In 2011, Justin Elsey, founder and managing director of Asiga, launched the world's first LED-based digital light processing (DLP) 3D printer. Notably, Asiga's Max UV printer, designed and manufactured in Sydney, offers incredible precision and reliability that has made it a popular choice among dental labs worldwide. This is an Australian-engineered product operating at the heart of one of Australia's most advanced dental practices.
The Asiga Max UV: Precision Benchmark for Dental Models
The MAX UV is the industry benchmark for precision dental 3D printing. Its technical specifications explain why.

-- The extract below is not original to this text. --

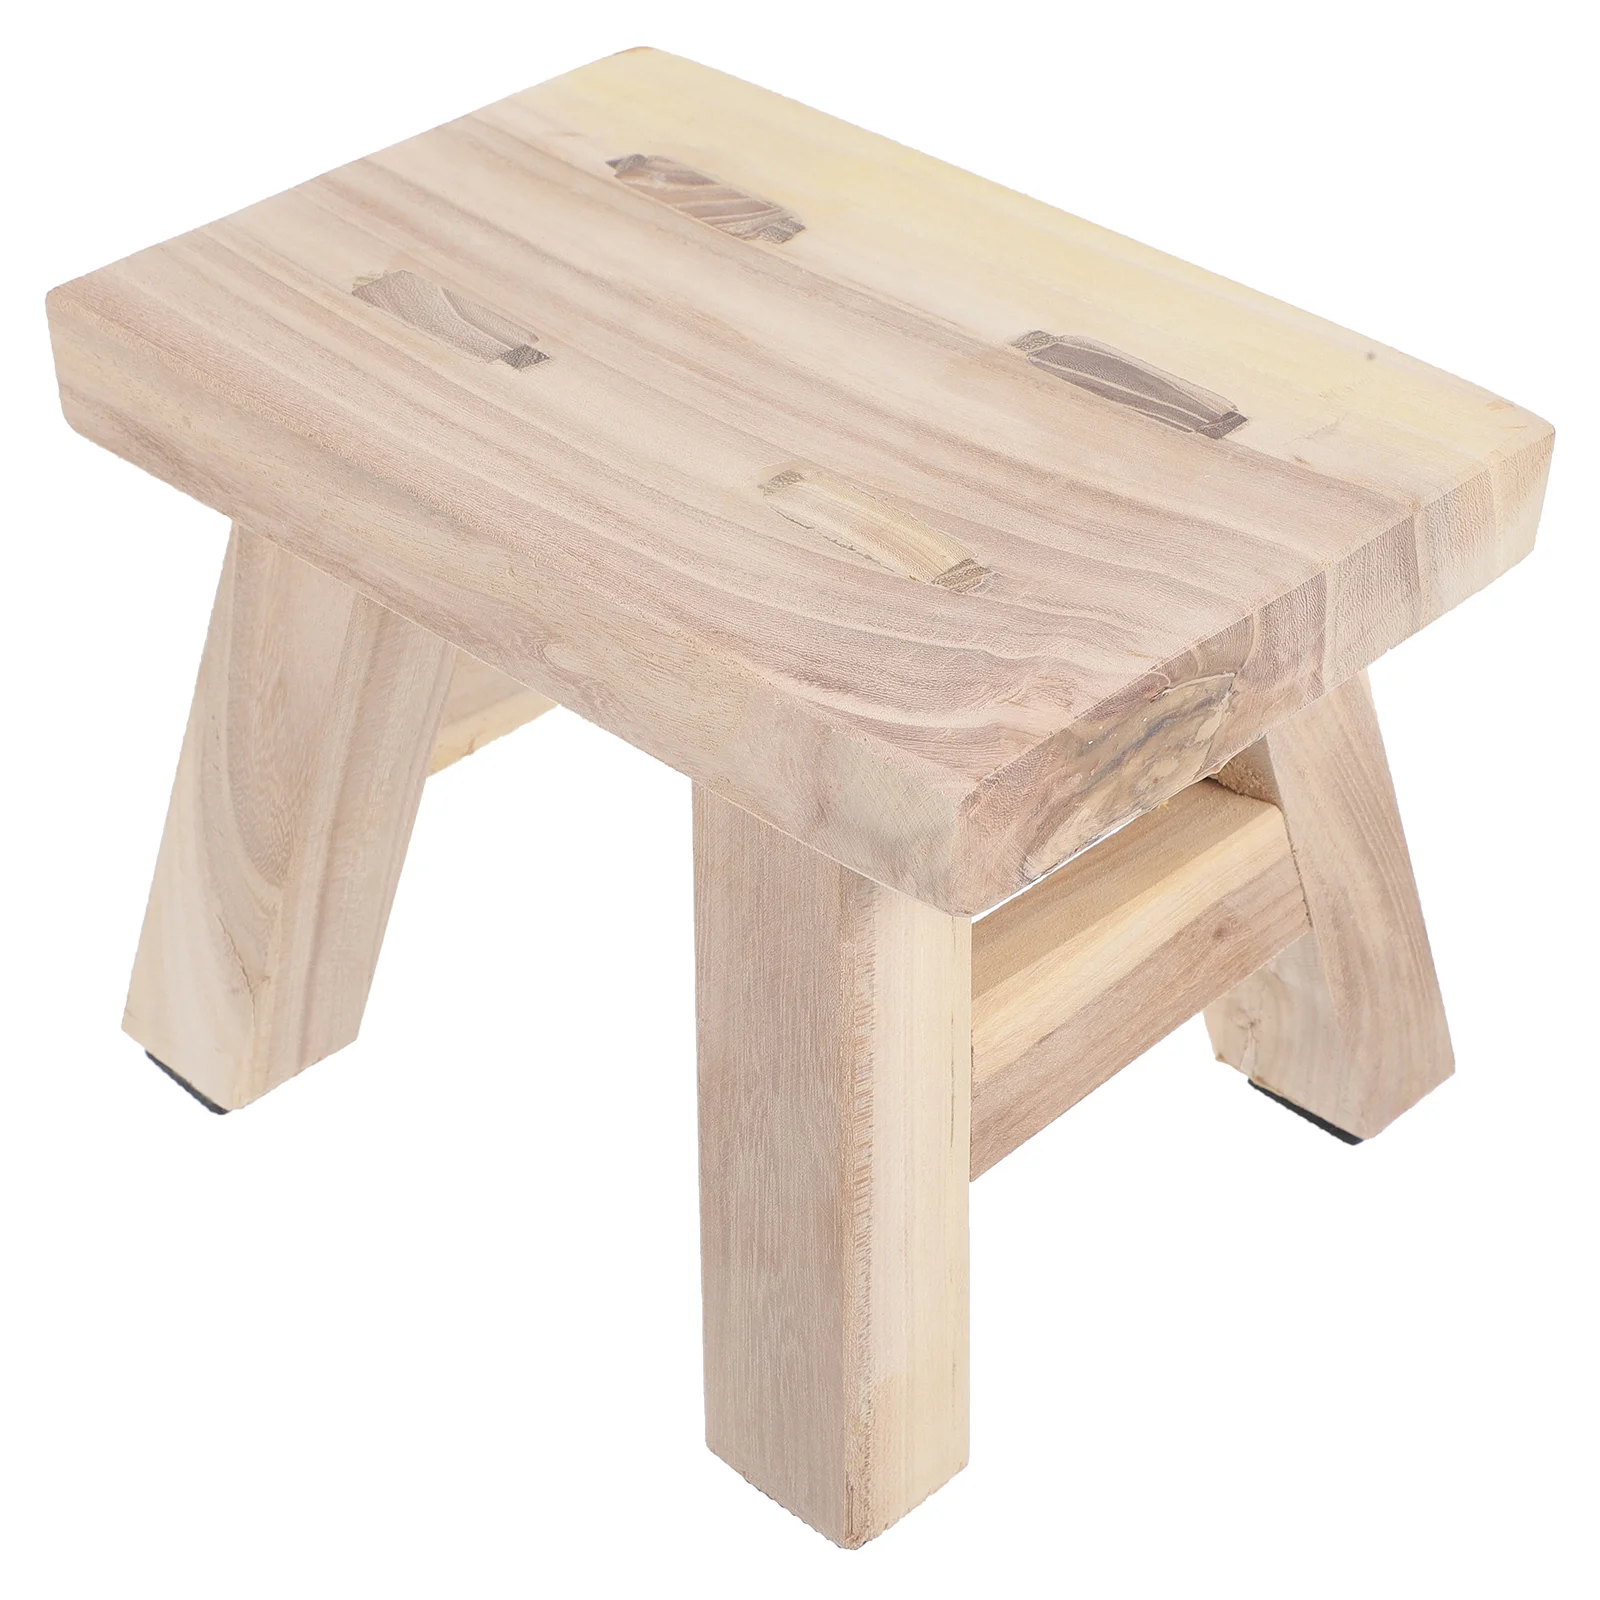 

Solid Wood Bench Kids Stools for Sitting Chinese Style Step Toddler Wooden Small
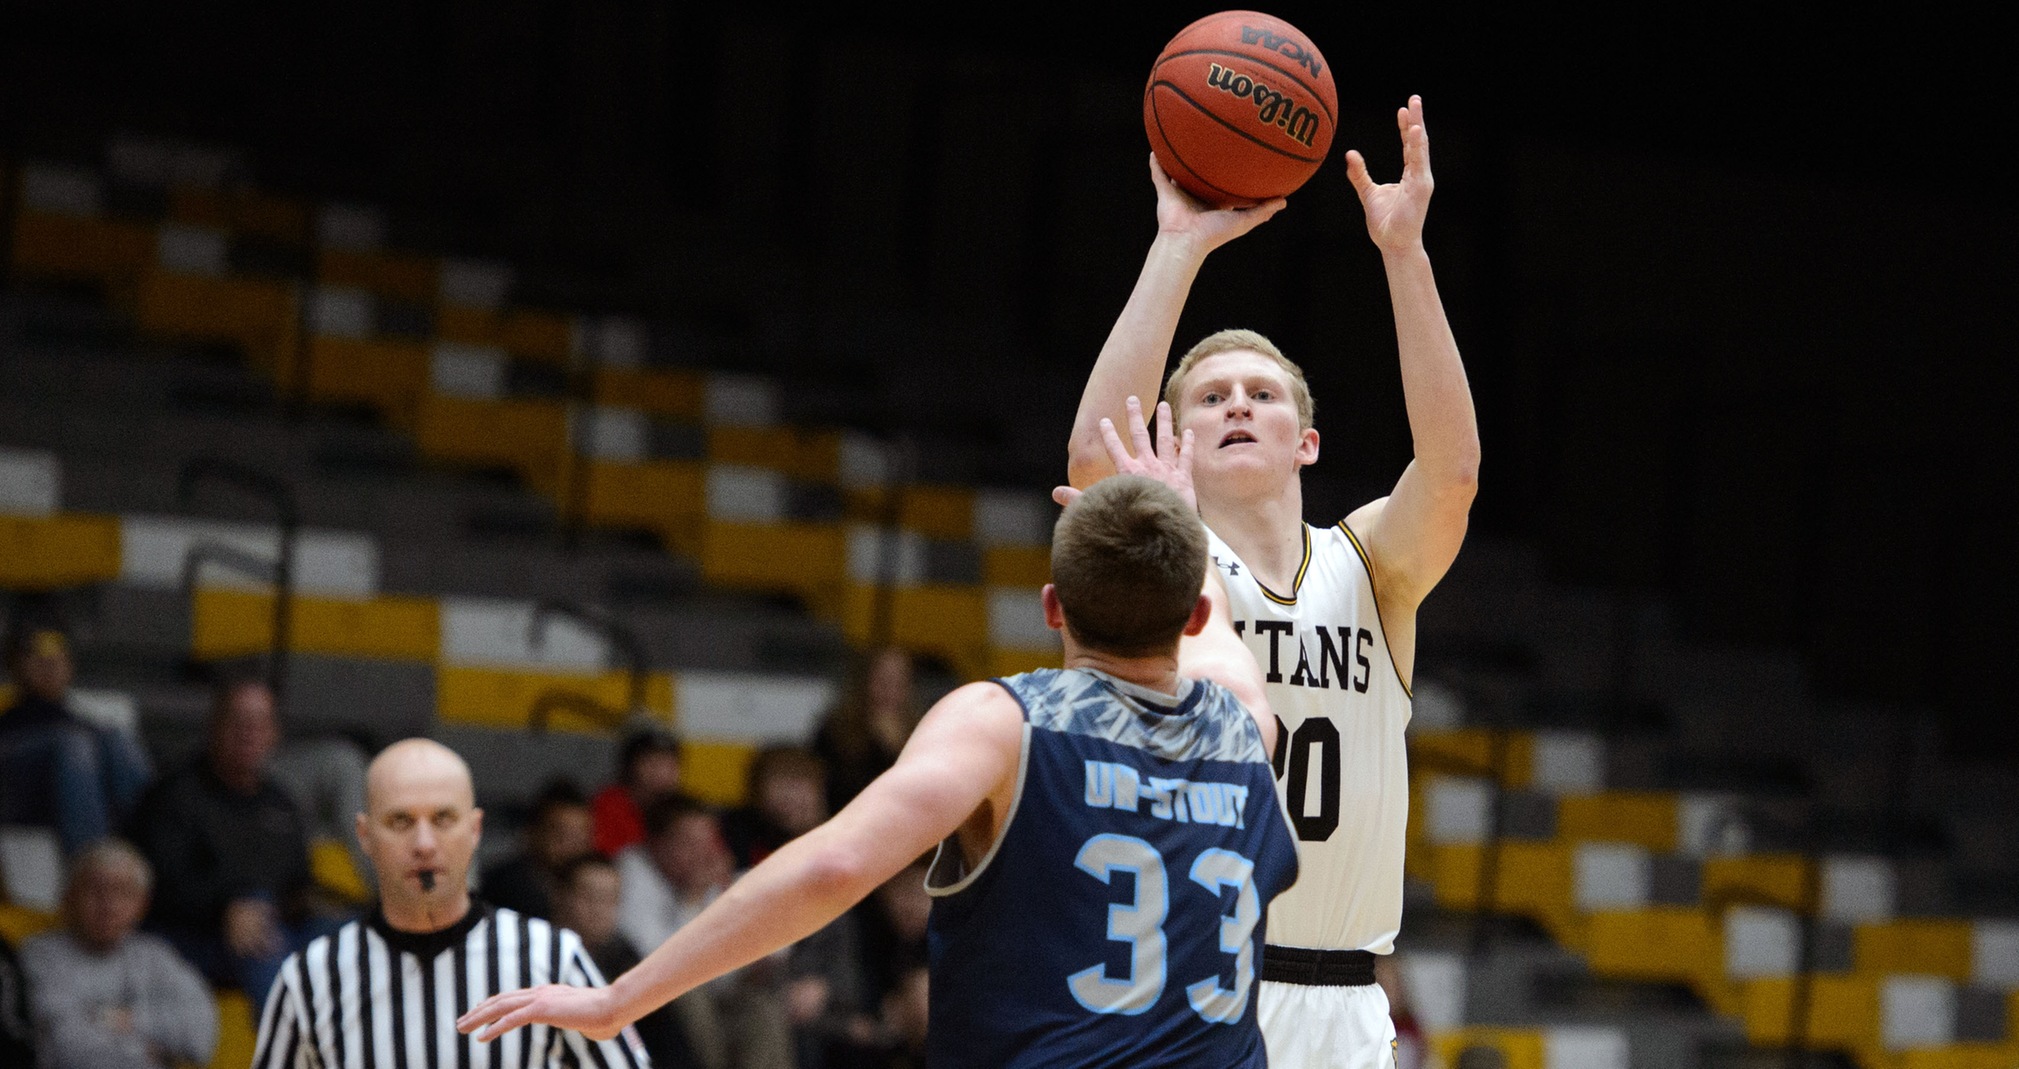 Connor Duax had nine points and three rebounds against the Blue Devils.

The Asiga MAX is a high-accuracy DLP 3D printer designed with an emphasis on accuracy, precision, and surface quality, with 62μm HD print precision optimised for a variety of precise applications including dental.
The key to this consistency is Asiga's proprietary Smart Positioning System. Asiga's SPS™ technology provides platform positioning feedback, ensuring the build platform is where it needs to be for every layer — this is the part that makes Asiga so unique and guarantees Z height precision. The printer also incorporates automatic quality monitoring: it has sensors that can detect debris in the resin tank during printing, pausing the print and therefore reducing the risk of FEP damage and perforation.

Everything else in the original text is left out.